19th February 2020
Real Estate litigator Lewis Couth looks at issues commonly faced in commercial and residential boundary disputes and considers some possible practical solutions.
Boundary disputes can be some of the most heated and emotionally/financially-fuelled matters dealt with by the courts. They can go on for long periods of time and often end in a complete breakdown in neighbourly relations. Whilst boundary disputes are more commonly associated with residential properties, they often arise between commercial properties too.
Boundary disputes can be of particular concern to developers – especially when developing land that is neighboured by pre-existing residential properties. When building a housing development, for example, a developer will want to maximise the area of its individual plots to achieve the highest potential sale price. However if neighbours have already extended beyond their boundaries, this can eat into profits.
A key issue with boundary disputes is their complexity. A boundary is, like the equator, an imaginary line and therefore determining its exact location is no easy task. While fences, walls and other such physical lines are usually taken to be the boundaries of a property, these can be in the wrong location – as such, they are themselves often at the centre of a boundary dispute.
Owners of land will often turn to their title plans and ‘scale-up’. However, while title plans are a natural starting point in establishing a boundary and can be good evidence in a dispute, even they do not provide a definitive (or legally binding) answer; with the great majority of registered titles only showing ‘general boundaries’.
Boundaries are determined by examining the conveyances of the land in question and of adjoining land. The law provides that conveyances are to be interpreted from the perspective of a reasonable person in light of the objective surrounding facts and that means that, ultimately, it is only the courts who has the power to determine exactly where a boundary lies. In doing so, the courts attempt to objectively establish the boundary objectively as at the date of the earliest conveyance. Crucially, they do not take into account the subjective beliefs of the parties to the dispute. To complicate matters even further, even where a boundary has been determined, factors such as adverse possession can mean that it has moved over time.

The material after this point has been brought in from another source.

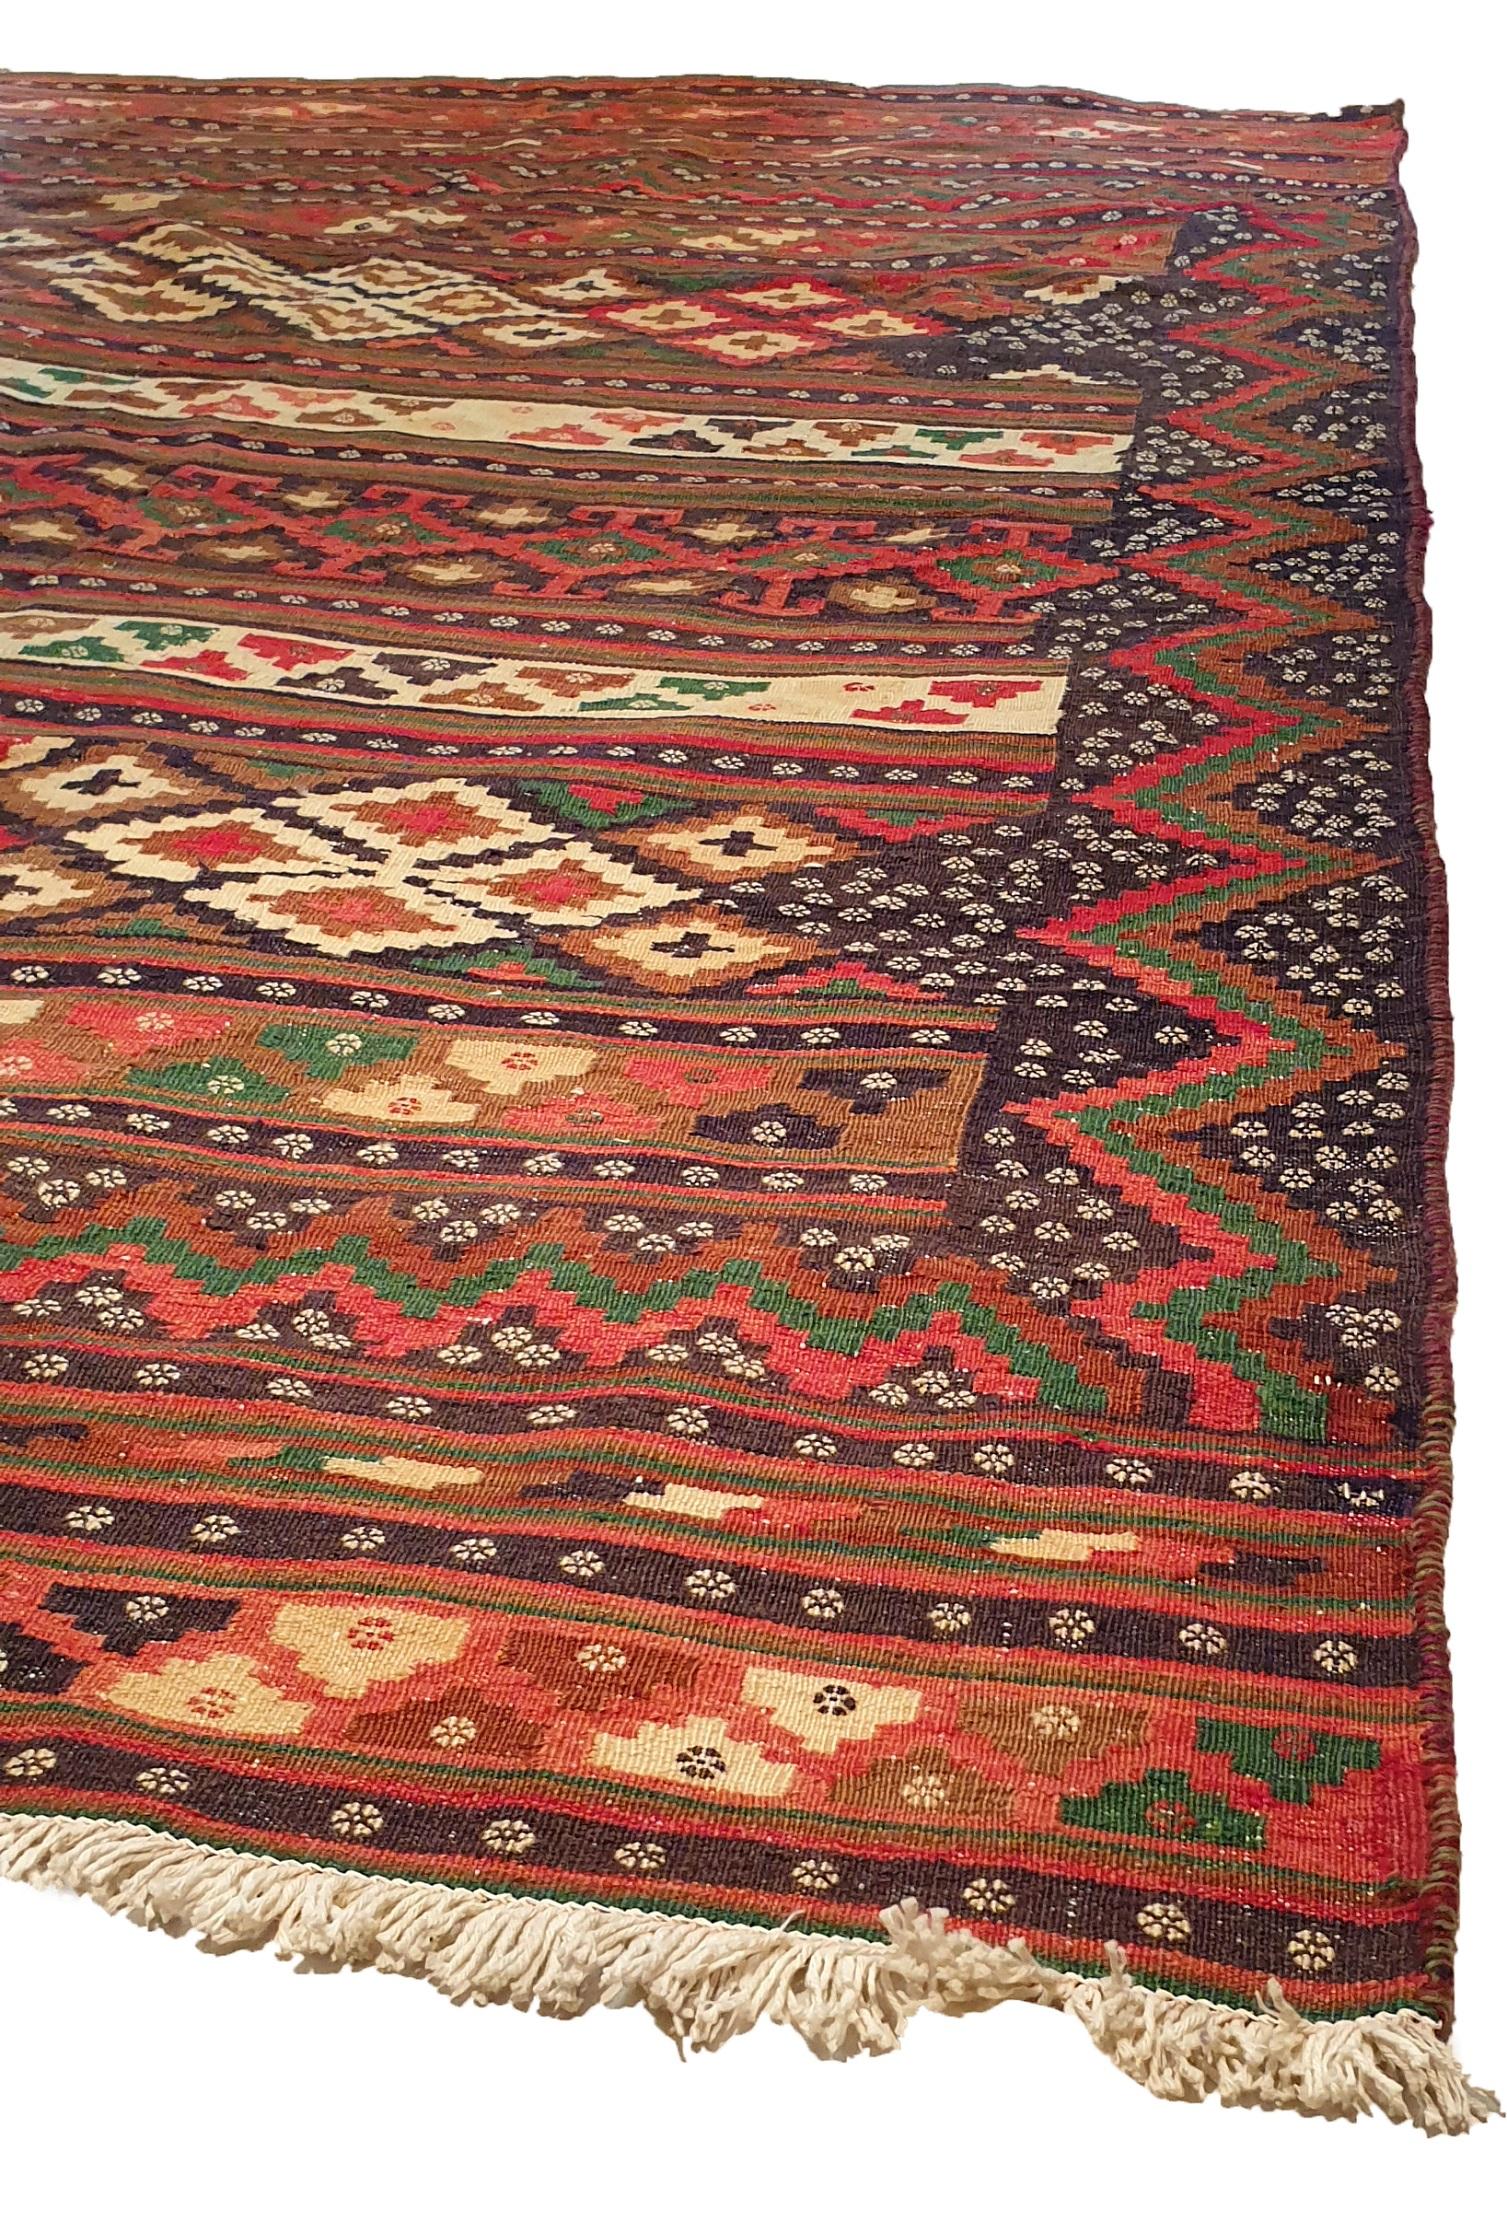 750 - Nice 20th century Kilim with beautiful pattern, and beautiful colors pink, orange, yellow, green and dark brown, entirely hand-woven with wool woven on cotton foundation.

All of this means that neighbours have frequently been known to incur tens of thousands of pounds in court and legal costs in matters concerning very small strips of land. The cost of litigation can therefore be far disproportionate to the value of the land itself, and the outcome of a case can be devastating to the losing party and to neighbourly relations.
Alternative dispute resolution (ADR) can be a much cheaper option for parties. The Boundary Disputes Protocol, published by senior members of the legal and surveying professions in 2017, sought to set out a framework that incorporated ADR, promoting the use of joint surveyors and a more cooperative approach between parties. While the protocol provides guidance on the most cost and time efficient manner in which to settle a dispute, it is not mandatory. In addition, it has come in for some criticism because some of the language and terminology within it is complex, meaning that it is not user friendly to a person who is not a property professional; and because a person who is not a property professional may not be aware of the protocol at an early-enough stage of a dispute, meaning that positions may have become entrenched, rendering ADR impossible in any event. Of itself, therefore, the protocol does not necessarily represent a workable, practical solution for parties.
Parliament has, however, recognised the need for legal reform in this area. In 2015 it introduced the Property Boundaries (Resolution of Disputes) Bill and, whilst the bill has been slow to make its way through Parliament (with Brexit dominating legislative manpower in the meantime), the bill had its first reading on 15 January 2020 and is awaiting a date for its second.
The bill seeks to introduce mandatory expert (surveyor) determination of boundary disputes and will only enable a claimant in a boundary dispute that ends up in court to claim its costs where it has first followed the procedure set out in the bill.
While the bill will make it mandatory for parties to attempt to determine their dispute out of court, it has also come under criticism. Firstly, the bill only extends to owners of freehold land meaning that owners of leasehold properties would require the freeholder to engage the boundary resolution procedure on their behalf. This could be an issue for leaseholders – particularly in the case of long-term commercial leaseholds, where the freehold owner may be hard to trace or may have no inclination to become involved. Another concern is whether the determination by the surveyor will conclude the dispute; the boundary dispute may involve complex issues of law or may involve issues about encroaching structures and/or the award of damages. This means that litigation may ultimately have to ensue in any event.
Whilst the bill is a step in the right direction, therefore, it will need some refinement. If passed in its current or an amended form, the bill will change the way in which boundary disputes are handled and will be of significance to all landowners, occupiers and developers. Walker Morris will monitor and report on key developments.